Almost 80 people, most of them elderly, took shelter overnight in the building, not far from the terminal targeted in the strike on Friday.

"There were around 300 to 400 people who rushed here after the strike," Yevgeny, a member of the protestant church, told AFP.

"They were traumatised.Half of them ran to shelter in the cellar, others wanted to leave as soon as possible.Some were evacuated by bus in the afternoon (on Friday).In the end, almost 80 stayed here and I hosted seven at my house," he said.

Evacuees slept on mattresses on the floor in the church and were offered breakfast by volunteers on Saturday morning as they waited for the bus to take them out of the path of a feared Russian offensive in the region.

Moscow denied responsibility for the rocket attack on Friday morning, which killed 52 and injured a further 109 people, according to the latest official count.

Six weeks into President Vladimir Putin's invasion, Moscow has shifted its focus to eastern and southern Ukraine after stiff resistance ended plans to swiftly capture the capital Kyiv.

The stop in Kramatorsk was being used as the main evacuation hub for refugees from the parts of the eastern Donbas region still under Ukrainian control.

Station closed

Twenty-four hours after the strike on Saturday morning, the train station was closed and the area cordoned off by police.

Cars charred by the explosion were still sat on the forecourt, while some of the station's blown-out windows had been boarded up.

A sizeable chunk of the rocket's twisted fuselage was still to be found on the grassy roundabout in front of the station.

In Kramatorsk, the night into Saturday and the morning were quiet.Regular heavy artillery explosions could be heard in the distance -- towards the frontline to the northwest -- but none nearby.

The city is now squeezed between the frontlines, to the south and east by the pro-Russian separatist statelets of Donetsk and Lugansk, and to the north by the advance of the Russian army.

The lines of engagement have been relatively stable but daily exchanges between opposing forces have been heated.

The civil-military authorities in Ukrainian-controlled regions of Donetsk and Lugansk, which make up the Donbas, have repeatedly called for civilians to leave the region for fear of a Russian move.

Trains and buses have been laid on for evacuees to leave the area, supported by the work of volunteers.

While the station in Kramatorsk is out of service, four trains are slated to leave from the nearby city of Slavyansk for the west of the country, according to the Ukrainian rail operator.

Other local trains are also set to run, though departure details have yet to be shared for security reasons.

Two-way street

Discreetly, evacuations have also continued in the other direction, by road towards the pro-Russian territories.

Convoys of cars, often old Russian-made Ladas with suitcases strapped to the roof, set off every day for the Russian-controlled zone to the north, with the tacit consent of Ukrainian forces manning checkpoints, an AFP journalist understood.

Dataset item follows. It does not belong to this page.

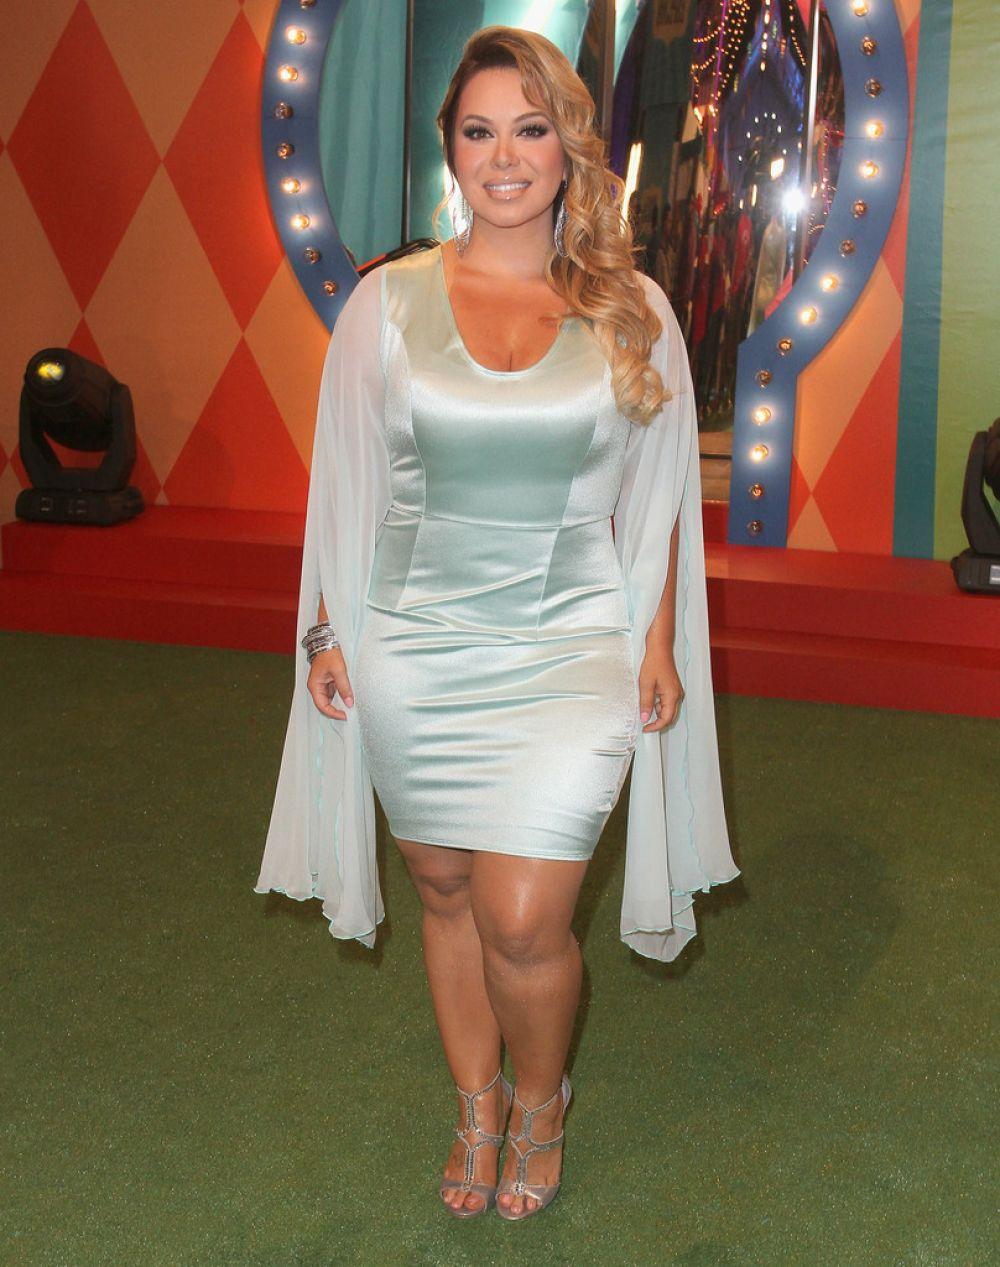 CHIQUIS RIVERA at Premios Juventud 2014 in Coral Gables

"We are going there because we have relatives there.There is food, it's calm, there are no issues," a 30-year-old man travelling with his family told AFP.

"There are good and bad people on both sides," he said, exchanging Ukrainian currency for Russian rubles at the side of the road.

Once the industrial heartland of the Soviet Union, the former coal-mining region of Donbas, divided by war since 2014, is traditionally more favourable towards Russia.

Nostalgia for the Soviet era comes through in conversation with residents, who regret the closure of the region's big factories, and often reserve criticism for the government in Kyiv.

What is more, many of them, including women and children, do not intend to flee the arrival of Russian forces.